In Farhad Manjoo’s latest State of the Art column for The New York Times he writes about his experience his two month experiment reading day old news. More specifically, he writes about how for two months, he got his news strictly from print newspapers. He writes, “I turned off my digital news notifications, unplugged from Twitter and other social networks, and subscribed to home delivery of three print newspapers — The Times, The Wall Street Journal and my local paper, The San Francisco Chronicle — plus a weekly newsmagazine, The Economist.”

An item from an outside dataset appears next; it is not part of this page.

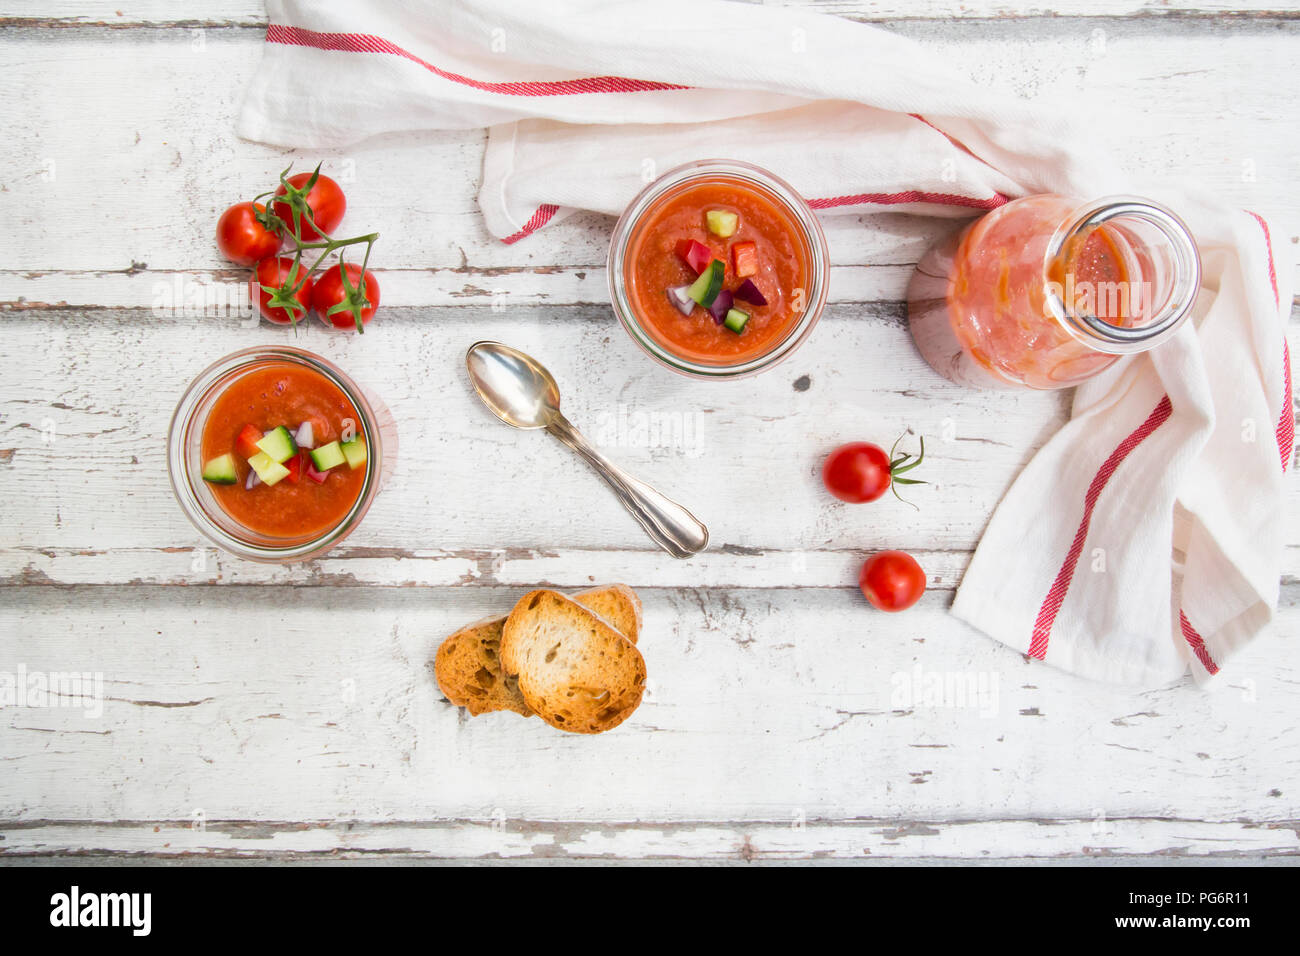 Homemade Gazpacho in glasses Stock Photo

In the column, Manjoo brings up some points relating to how relying on print newspapers exclusively for his news consumption can actually be better than constantly being bombarded by push notifications, tweets, and cable news channels. He writes about how he learned about the details surrounding the Parkland school shooting 24 hours after it occurred, “That morning, I spent maybe 40 minutes poring over the horror of the shooting and a million other things the newspapers had to tell me.” And then going on to write later on, “I was getting news a day old, but in the delay between when the news happened and when it showed up on my front door, hundreds of experienced professionals had done the hard work for me.”

I agree with one thing he writes: we all need to disconnect from the constant barrage of news out there every now and then. We need to be more selective about what we truly care about and cannot get worked up over every single news story, because that’s just not heathy.

Nonetheless, overall the column made for an interesting read but once I got to the end I couldn’t help but think: I just read a native ad for the NY Times on the NY Times website.